Jumlah anak jalanan di Kota Bandar Lampung, data terakhir sampai dengan tahun 2013, terdata sebanyak 100 anak jalanan, 201 anak balita terlantar, 535 anak terlantar, 25 gelandangan, dan 83 pengemis. Data tersebut merupakan data terakhir Pemerintah Kota Bandar Lampung sampai dengan tahun 2012 (Dinas Sosial Kota Bandar Lampung 2012).


Hal yang sangat memperihatinkan di suatu negara yang berlandaskan Pancasila dengan salah satu butirnya adalah “keadilan sosial bagi seluruh rakyat Indonesia”. Sebagai landasan hukum lainnya adalah UUD 1945 pasal 34 yang berbunyi:”Fakir miskin dan anak terlantar dipelihara oleh Negara”. Akan tetapi landasan yang begitu mendasar, ternyata belum dapat berbuat banyak untuk mengatasi permasalahan anak jalanan ini. Hal yang sangat penting dalam permasalahan ini adalah bagaimana implementasi kedua dasar tersebut di lapangan. Dari sisi sosial masyarakatpun, tidak sedikit lembaga yang turut mengangkat permasalahan ini untuk diatasi. Adapun hambatan yang dihadapi Dinas Sosial Kota Bandar Lampung diantaranya; Dinas Sosial Kota Bandar Lampung tidak mempunyai panti terpadu, selama ini Dinas Sosial menjalin kerjasama dengan Yayasan Bina Laras dalam memberikan pembinaan kepada anak jalanan; anggaran yang diberikan kepada Dinas Sosial Kota Bandar Lampung dalam penyelasaian masalah anak jalanan dapat dikatakan kurang memenuhi target yang ingin dicapai; dan anak jalanan yang berpindah-pindah dari satu kota kekota lain.

Pola pembinaan yang dilakukan oleh Dinas Sosial Kota Bandar Lampung selama ini mengacu pada Perda No. 3 Tahun 2010 tentang Pembinaan Anak Jalanan, Gelandangan, dan Pengemis namun masih pada tahap pembinaan. Tahap pembinaan yang dimaksud dalam hal ini adalah pemberian peringatan kepada anak jalanan dan orang tuanya berupa surat peringatan. Anak jalanan yang berasal dari Kota Bandar Lampung akan dikembalikan kepada orang tuanya dengan menyertai surat pernyataan, sedangkan anak jalanan yang berasal dari luar Kota Bandar Lampung akan diberikan rehabilitasi panti di Yayasan Bina Laras berdasarkan MOU yang telah disepakati bersama.
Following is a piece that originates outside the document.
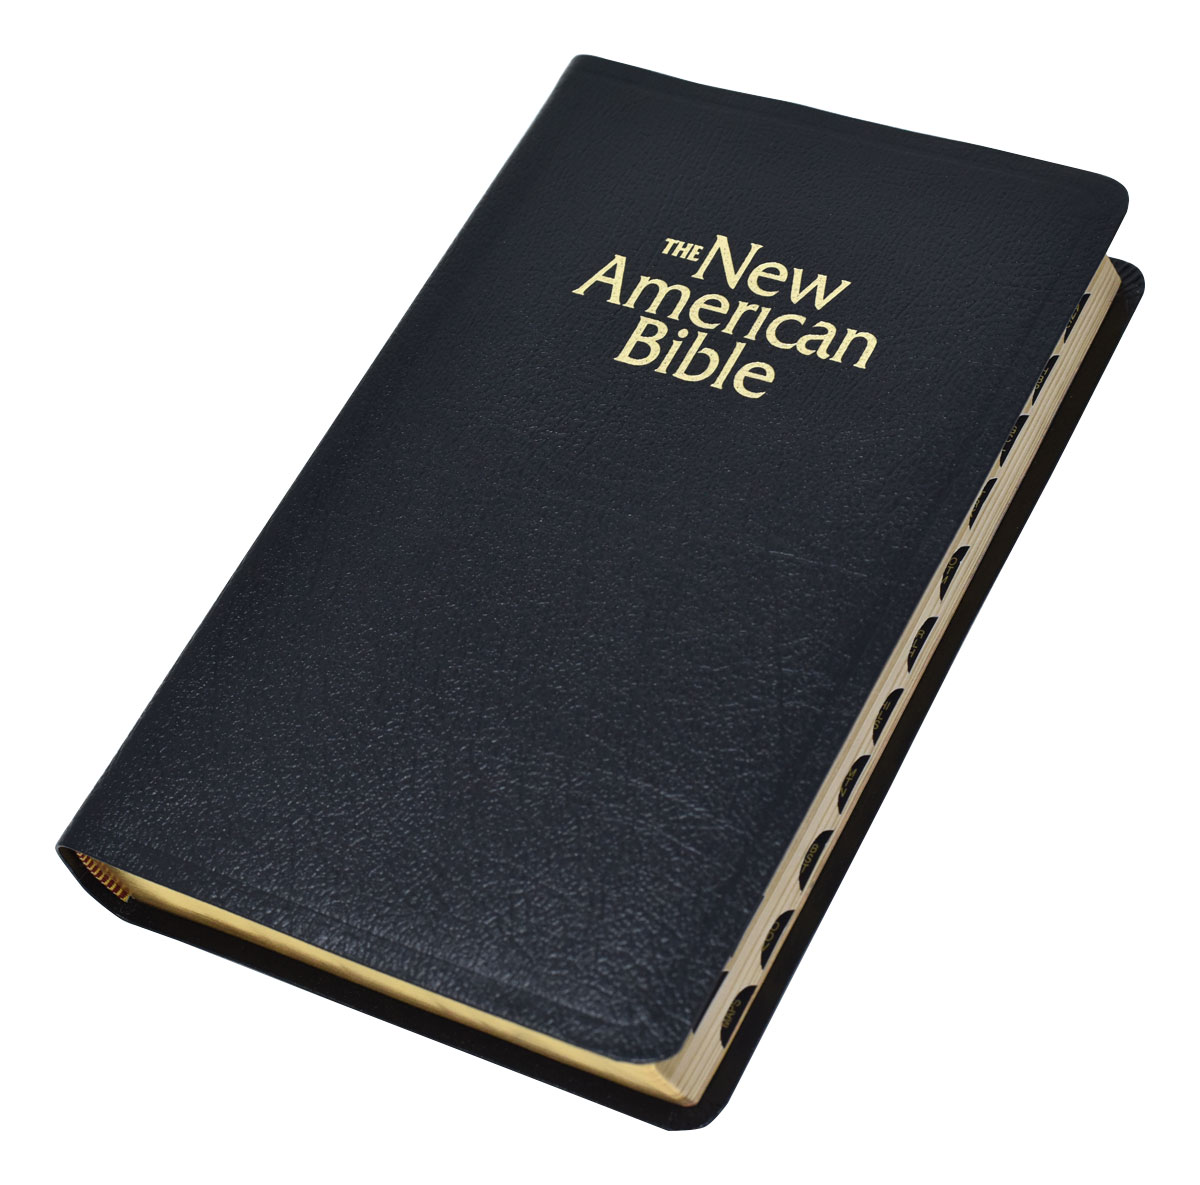 NABRE Deluxe Gift Bible Indexed (Burgundy Bonded Leather)

Peran Dinas Sosial dalam menanggulangi anak jalanan di Kota Bandar Lampung adalah menjalankan Perda No. 3 Tahun 2010 serta sebagai monitoring. Menjalankan Perda yang dimaksud adalah dengan mengadakan penjaringan (razia) terhadap anak jalanan dan apabila anak jalanan tersebut sudah mendapatkan bantuan maka bantuan tersebut akan dicabut. Monitoring dilakukan dengan patroli di tempat umum yang dilakukan oleh Dinas Sosial Kota Bandar Lampung.
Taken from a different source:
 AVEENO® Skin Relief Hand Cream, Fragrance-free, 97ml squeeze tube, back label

Permasalahan anak jalanan merupakan masalah pemerintah daerah yang kewenangannya terdapat pada Dinas Sosial Kota Bandar lampung. Dikutip dari buku Otonomi Daerah oleh Yudhoyono Bambang (2003:19) yang menyatakan bahwa melalui pelimpahan wewenang pemerintah pada tingkat bawah diberi kesepakatan untuk mengambil inisiatif dan mengembangkan kreativitas, mencari solusi terbaik atas setiap permasalahan yang dihadapi dalam pelaksanaan tugas sehari-hari. Menurut Sembiring yang dikutip dalam bukunya Budaya dan Kinerja Organisasi (2012:3) mengatakan bahwa otonomi daerah adalah hak, wewenang dan kewajiban daerah otonom untuk mengatur dan mengurus sendiri urusan pemerintahan dan kepentingan masyarakat setempat sesuai dengan peraturan perundang-undangan. Dengan kata lain disini Dinas Sosial memiliki wewenang dalam mengatasi permasalahan sosial di Kota Bandar Lampung.
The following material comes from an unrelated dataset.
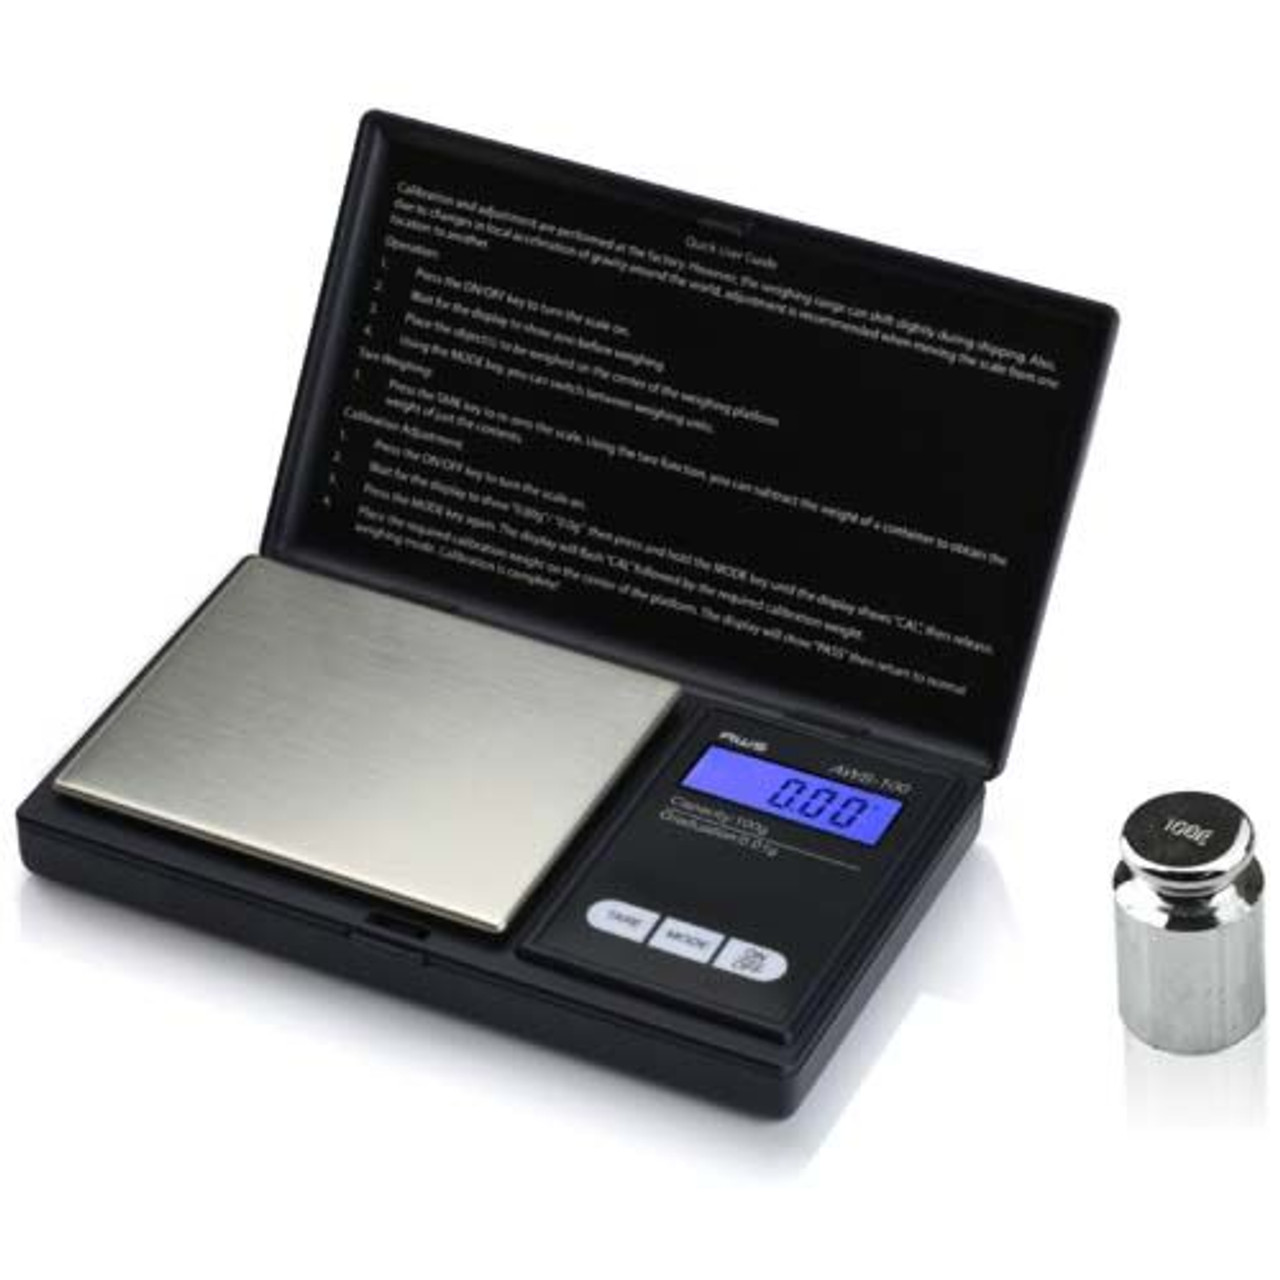 American Weigh Scales CD Mini Series Compact Stainless Steel Digital  Portable Pocket Weight Scale 500G X 0.1G - Great For Kitchen

Lebih lanjut Pemerintah Daerah juga telah menetapkan Peraturan Daerah No. 3 Tahun 2010 tentang Pembinaan Anak Jalanan, Gelandangan dan Pengemis. Hal tersebut menunjukan keseriusan pemerintah daerah untuk mengatasi anak jalanan dan sejauh mana pemerintah dapat memberikan pembinaan terhadap anak yang bermasalah sebagai bagian dari masyarakat. Pembinaan yang dimaksudkan adalah segala upaya atau kegiatan yang dilakukan oleh pemerintah dan/atau masyarakat untuk mengatasi masalah anak jalanan, gelandangan, pengemis, dan keluarganya supaya dapat hidup dan mencari nafkah dengan tetap mengutamakan hak-hak dasar bagi kemanusiaan.

Pembinaan terhadap anak jalanan, pemerintah maupun pihak swasta harus benar-benar mampu memilih prioritas yang tepat. Hal ini penting karena anak jalanan cenderung memiliki kekurangan daripada masyarakat secara luas. “Dilain pihak mereka adalah anak bangsa yang pasti akan ikut mengisi kehidupan bernegara seperti anak-anak yang lain. Begitupun dengan fenomena anak jalanan di Kota Bandar Lampung, anak jalanan telah menjadi hal yang mendapatkan perhatian khusus bagi pemerintah. Pemerintah bahkan telah mengadakan penjagaan khusus yang melibatkan Polisi Pamong Praja dan Dinas Sosial Kota Bandar Lampung di lokasi-lokasi tempat mangkal anak jalanan. Langkah pemerintah Kota ini tidak serta merta diadakkan tetapi menyikapi banyaknya masalah akibat ulah anak jalanan ini, mengganggu ketertiban umum adalah kesalahan terbesar yang dilakukan” (Radar Lampung edisi 5 Februari 2006 dalam skripsi Ahmad Irwan).

Berdasarkan uraian diatas hubungan penelitian penulis dengan kajian Ilmu Pemerintahan adalah mengenai manajemen pemerintahan yaitu dalam fungsi pelayanan pemerintah terhadap masyarakat yang mengalami masalah sosial di Kota Bandar Lampung dan penulis tertarik untuk mengkaji tentang Pola Pembinaan Dinas Sosial Dalam Menaggulangi Anak Jalanan di Kota Bandar Lampung.